Justifying Pay on Foot, $1MM Loss, Unions
I am in the midst of a large conversion from pay-on-exit to pay-on-foot. There are all the normal issues, but some might be of special interest.
When we opened walls to install the POF equipment, we found that, in a number of cases, it was impossible to put the equipment through the wall. There simply wasn’t enough room. Also, when cables needed to be pulled, poured reinforced concrete isn’t exactly the easiest wall to drill.
We found that in the particular government jurisdiction, we needed a permit to install a variable message sign. Not just for the electrical hookup – we figured that – but we also needed a permit for the sign itself, because it could be seen from the street. Drawings, permits, design specs. Wow! More than 10K just for the installation of one sign.
When you need to justify a switch to pay-on-foot and the resulting removal of some cashiers, you need to deal not only with the difficult task of letting them go, but you also may run against the union, some of which have contracts that do not allow the removal of staff if you are changing technology.
Often you justify simply by figuring the reduction in staffing levels. However, experience has shown that even in the most well-run garages, revenue increases of 3% can be seen after the switch. Think how much the revenue may increase in a garage that doesn’t have all the proper controls?
I’m also working at a new venue that is owned and will be managed by European interests. They are looking to have parking equipment that meets the cultural standards of the typical EU operations. They need pay-by-cell, pay-and-display, and various very flexible communication systems so that they can market to parkers when they pay, as well as while they are in the venue. More about all this as I learn about it.
The Boss has a note in his column this month about a parking operation at a federal facility where the staff stole more than $1million before it was noticed – by a customer. The operator didn’t see anything wrong. It took the FBI to become involved to capture the culprits.

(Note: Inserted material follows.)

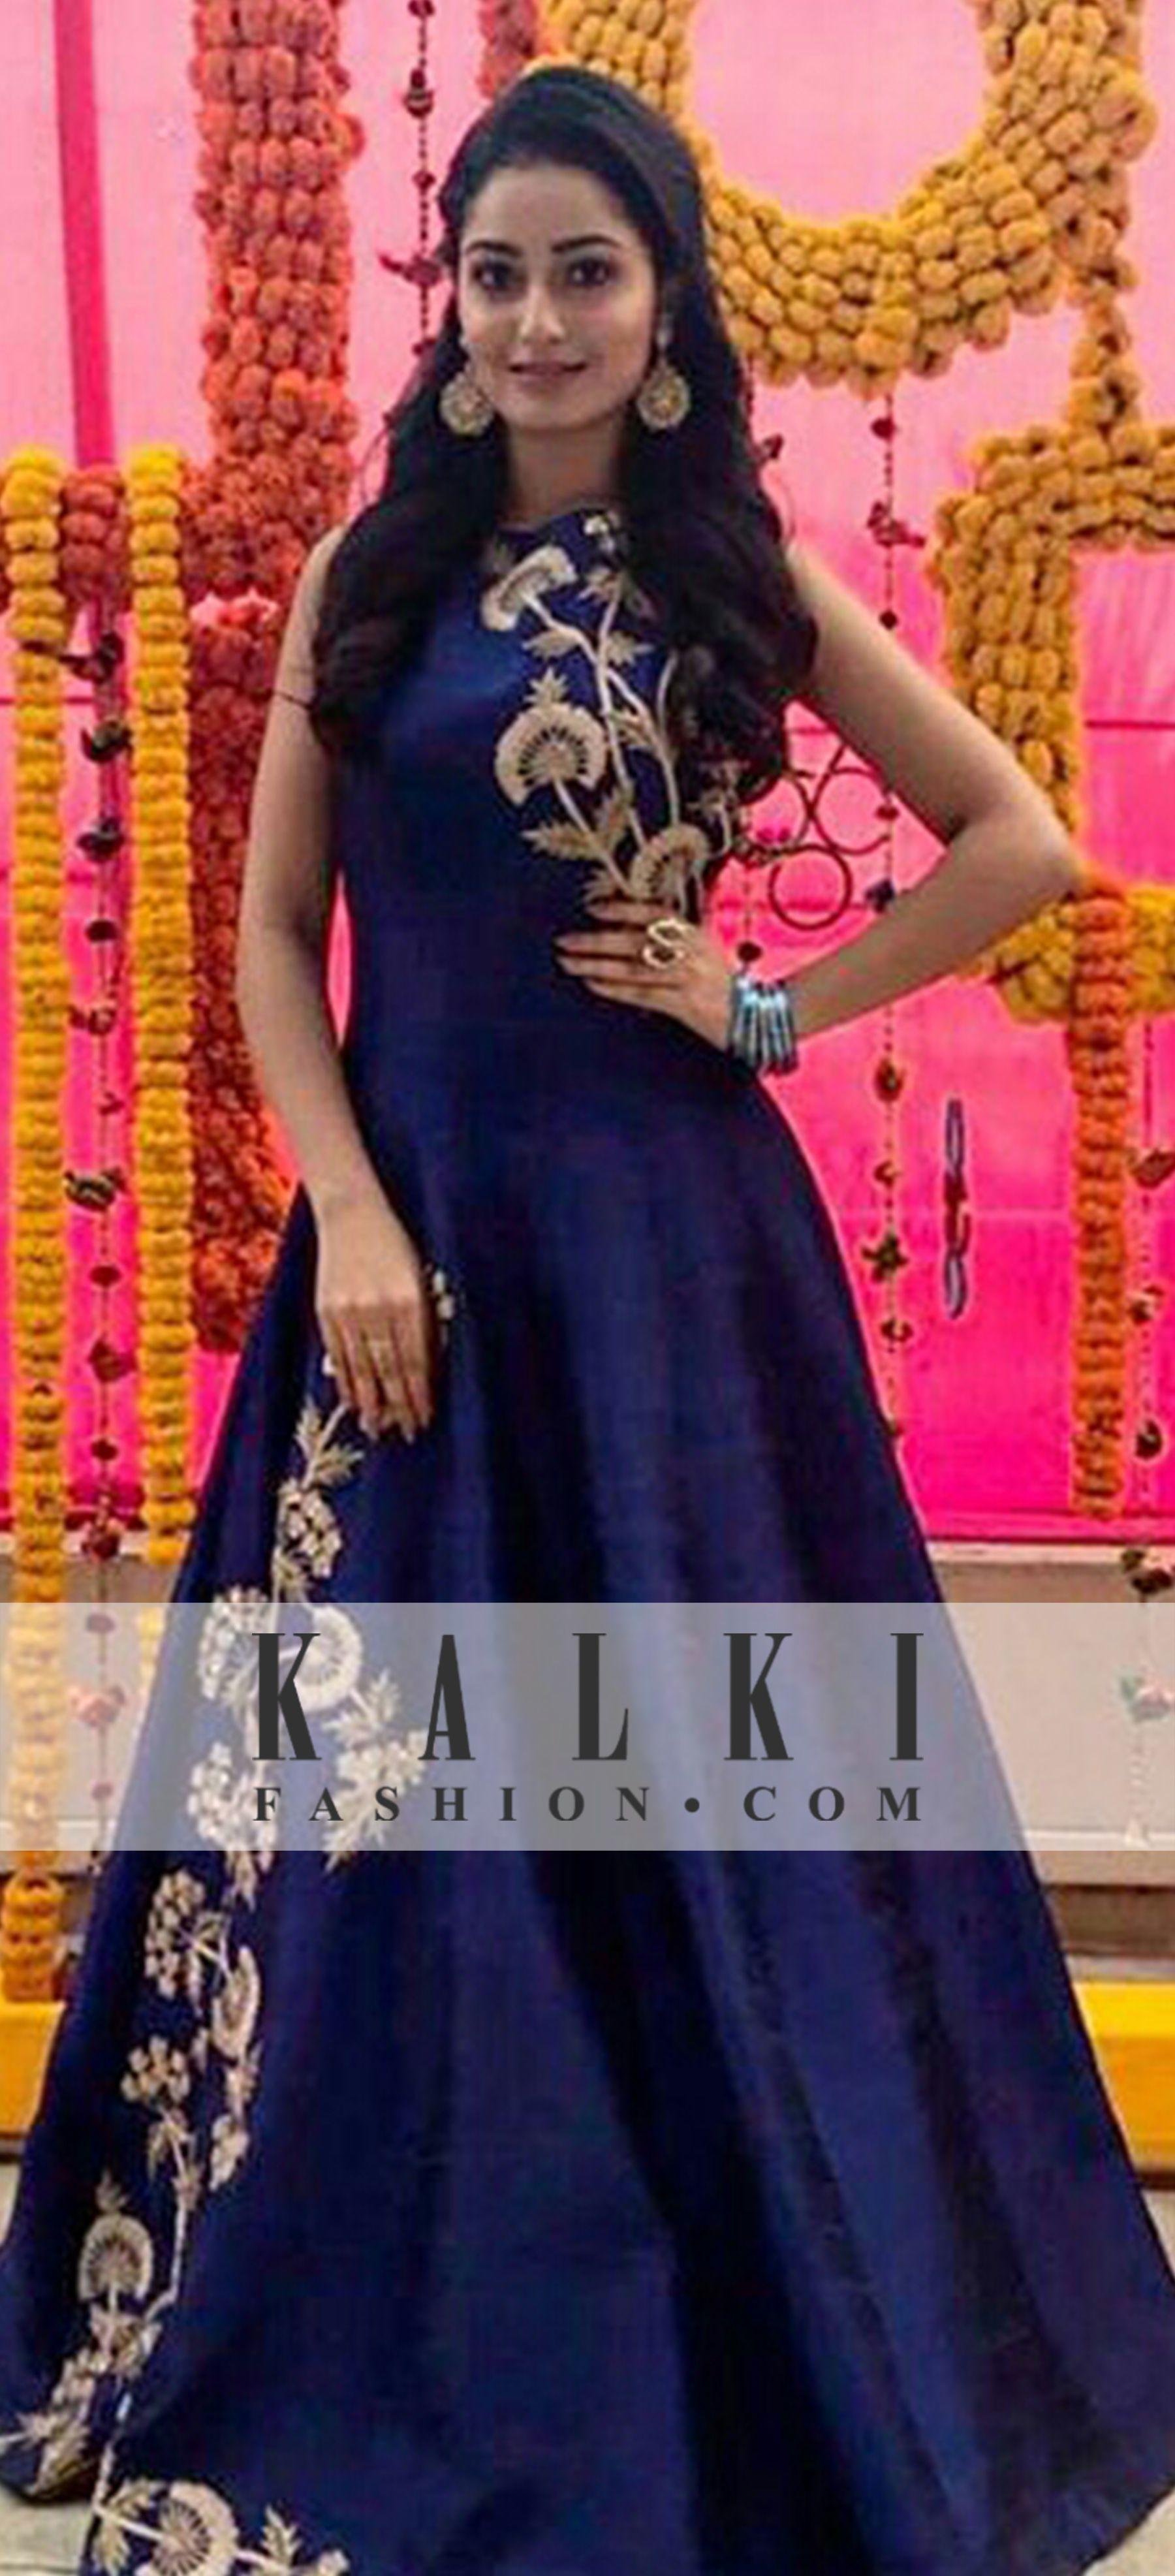 33b22ba6646d Tridha Choudhury SKU: 33660 PRICE: 32,500/- | KALKI Celebrity ...
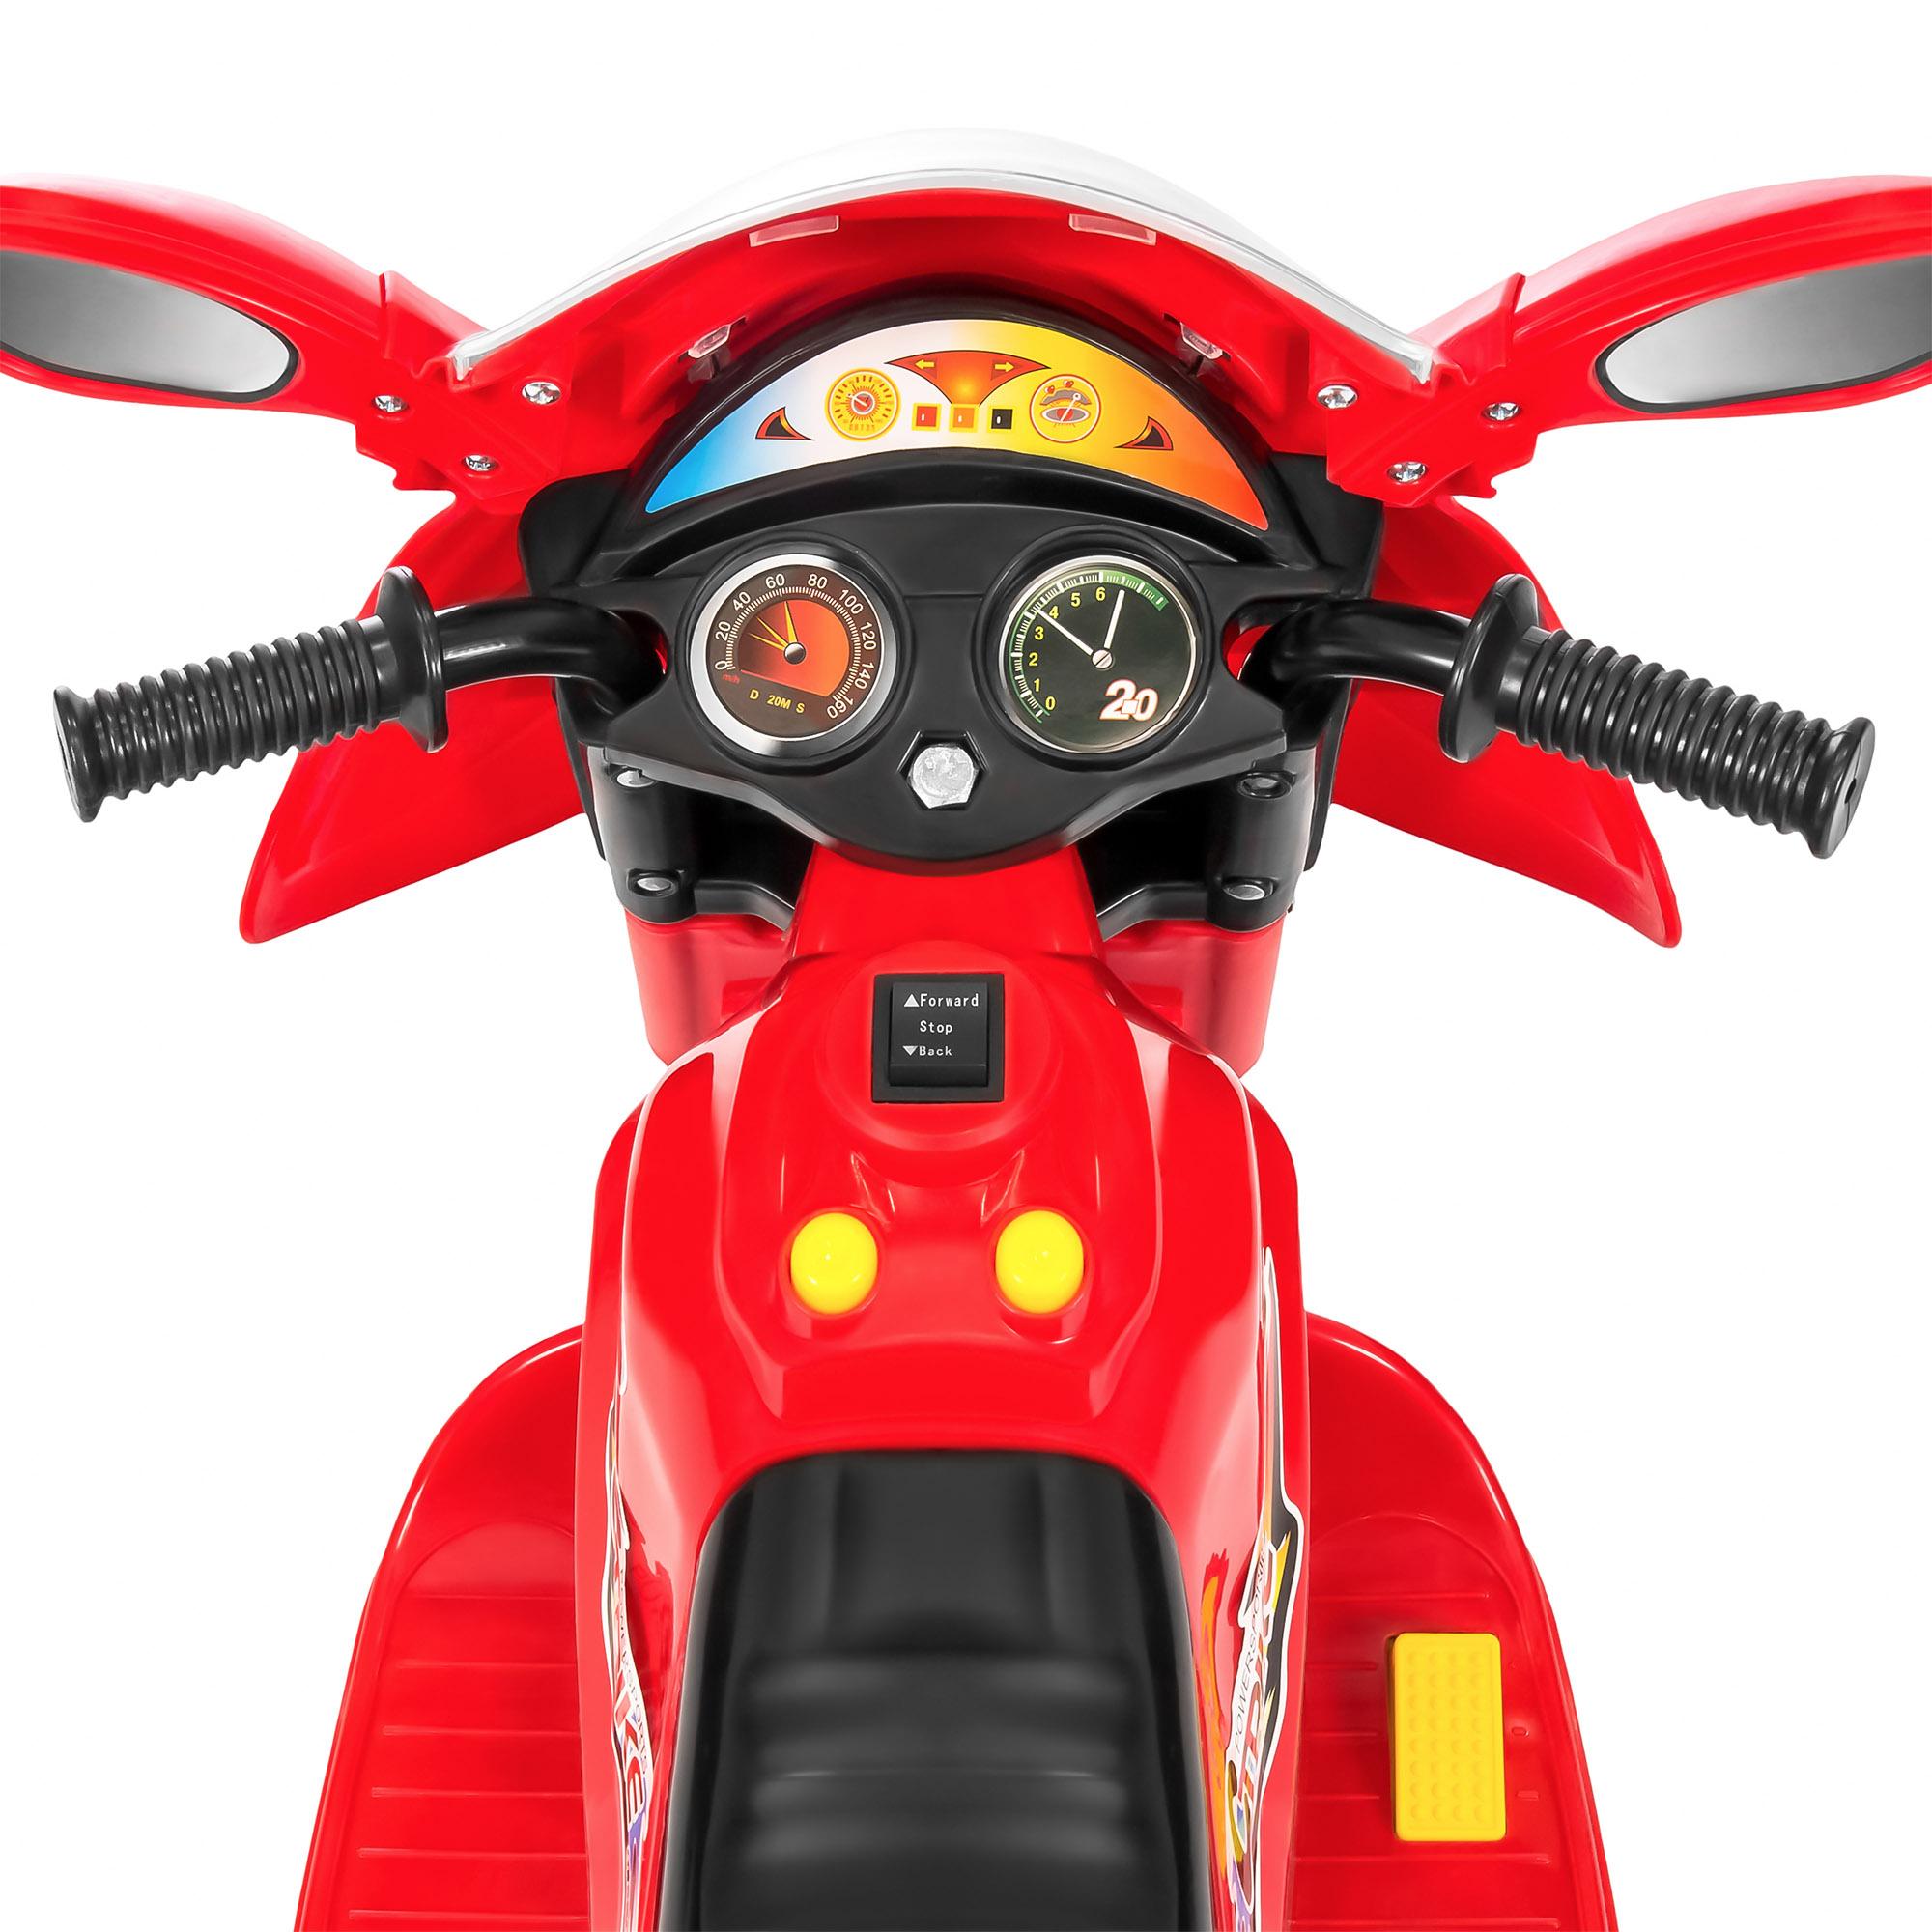 BCP-6V-Kids-3-Wheel-Motorcycle-Ride-On-Toy-w-LED-Lights-Music-Storage thumbnail 34

They did an audit. They sat outside the facility and counted the cars that went in – it was a fixed-rate location. They multiplied the number of cars by the rate and knew exactly how much money should have been collected. They then checked the bank records, and lo and behold, they found a huge discrepancy.
They probably did the audit a couple more times to be sure it wasn’t an outlier, then they could have simply marked some money, used it to pay for parking, get a warrant and, well …
You can do the same kind of audit yourself. Even if you have variable rates, you can log in each car with an entry time and an exit time and compute the rates. It takes a few hours, but you can know exactly how much money should have been collected. If you are close, so be it. If not, call me. I’ll get the goods on them.
One last thing – monthlies. Ask the manager how many active contract parkers he or she has on file. Should be a number that can be easily had. Then run a card list and count the cards that are active.
There shouldn’t be any difference. If there is, find out why.
Could be that the local police have a card so they can drive through the lot, and then there’s the one you gave your wife. But there should be a good explanation for every card that is “on” and not on the active card list.
If not, you can assume that each card that is “on” and not paid is costing you the full monthly rate. And that ain’t hay.
The numbers don’t have to be exact, but they should be close. If they aren’t, call me.